# New from Houston



## rus_bro (Jul 21, 2021)

Hey there boys, just signed up here and figured id say hi.

Been smoking meat for 7 or 8 years and am the pitmaster for a couple very small teams.  Brisket is my goto but love all BBQ.

Currently smoking on a Shirley 42x24 square chamber.  BUT at the moment I about to retire the Kettle and build a grill out of a 55 Gal drum.  I borrowed a welding machine and have no real skill, so this is going to be fun. 

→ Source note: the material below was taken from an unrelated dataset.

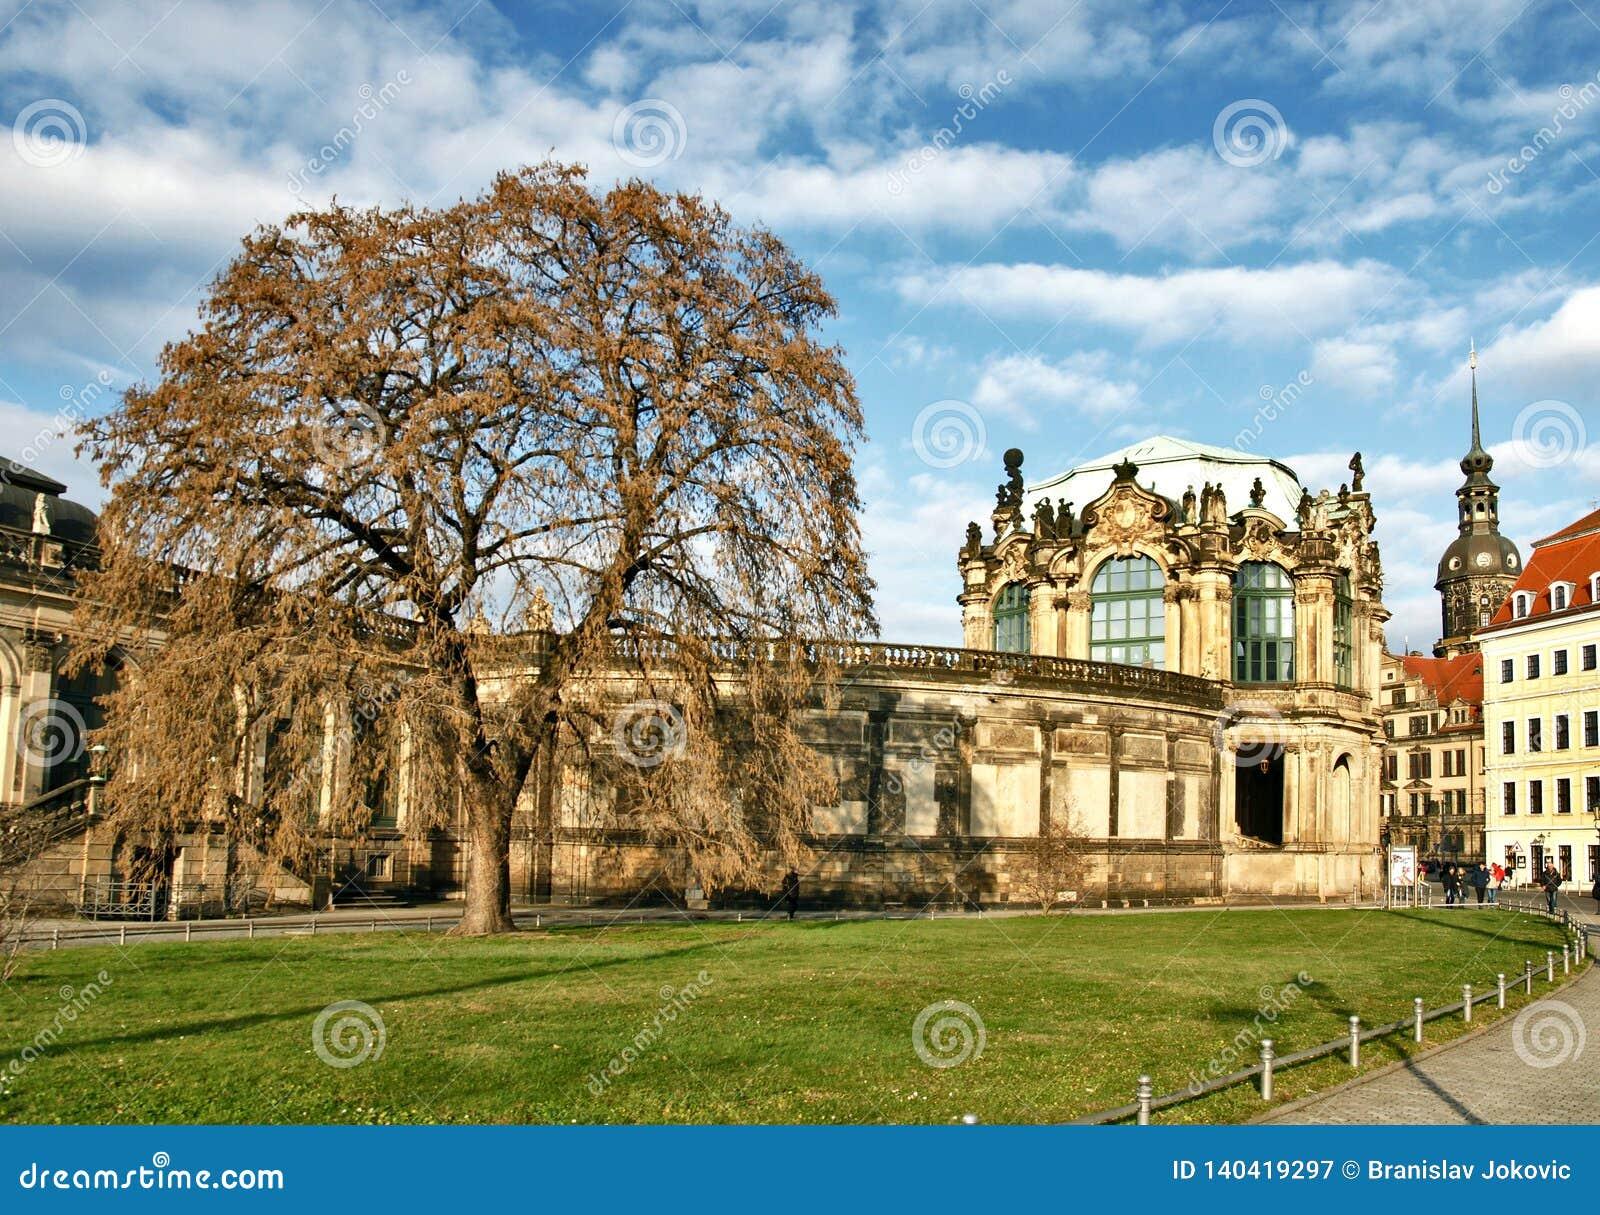 Здание Дрездена старое

Looking forward to looking aroudn this place.

Rb


----------



## TNJAKE (Jul 21, 2021)

Welcome from Tennessee


----------



## kilo charlie (Jul 21, 2021)

Welcome to SMF!


----------



## Colin1230 (Jul 21, 2021)

Welcome from KC............and who you callin'  boy?


----------



## sawhorseray (Jul 21, 2021)

Welcome from Gilbert, AZ youngster. RAY


----------



## Winterrider (Jul 21, 2021)

Welcome from ND


----------



## MadMax281 (Jul 21, 2021)

Welcome to SMF from Kingwood.


----------



## 912smoker (Jul 21, 2021)

Welcome to SMF from SE Ga


----------



## rexster314 (Jul 21, 2021)

Hello from south of you in Brazoria county


----------



## sandyut (Jul 21, 2021)

welcome from UT - you have arrived


----------



## kruizer (Jul 21, 2021)

Welcome to SMF from Minnesota.


----------



## PPG1 (Jul 21, 2021)

Welcome from Coastal Carolina


----------



## SmokinAl (Jul 22, 2021)

Welcome to SMF! Glad to have you join the group!!
Al


----------



## AggieJack (Aug 17, 2021)

Welcome from the southwest side of Houston (Richmond). Soon to be a fellow shirley owner in a few months as well! What part of the metro are you in?


----------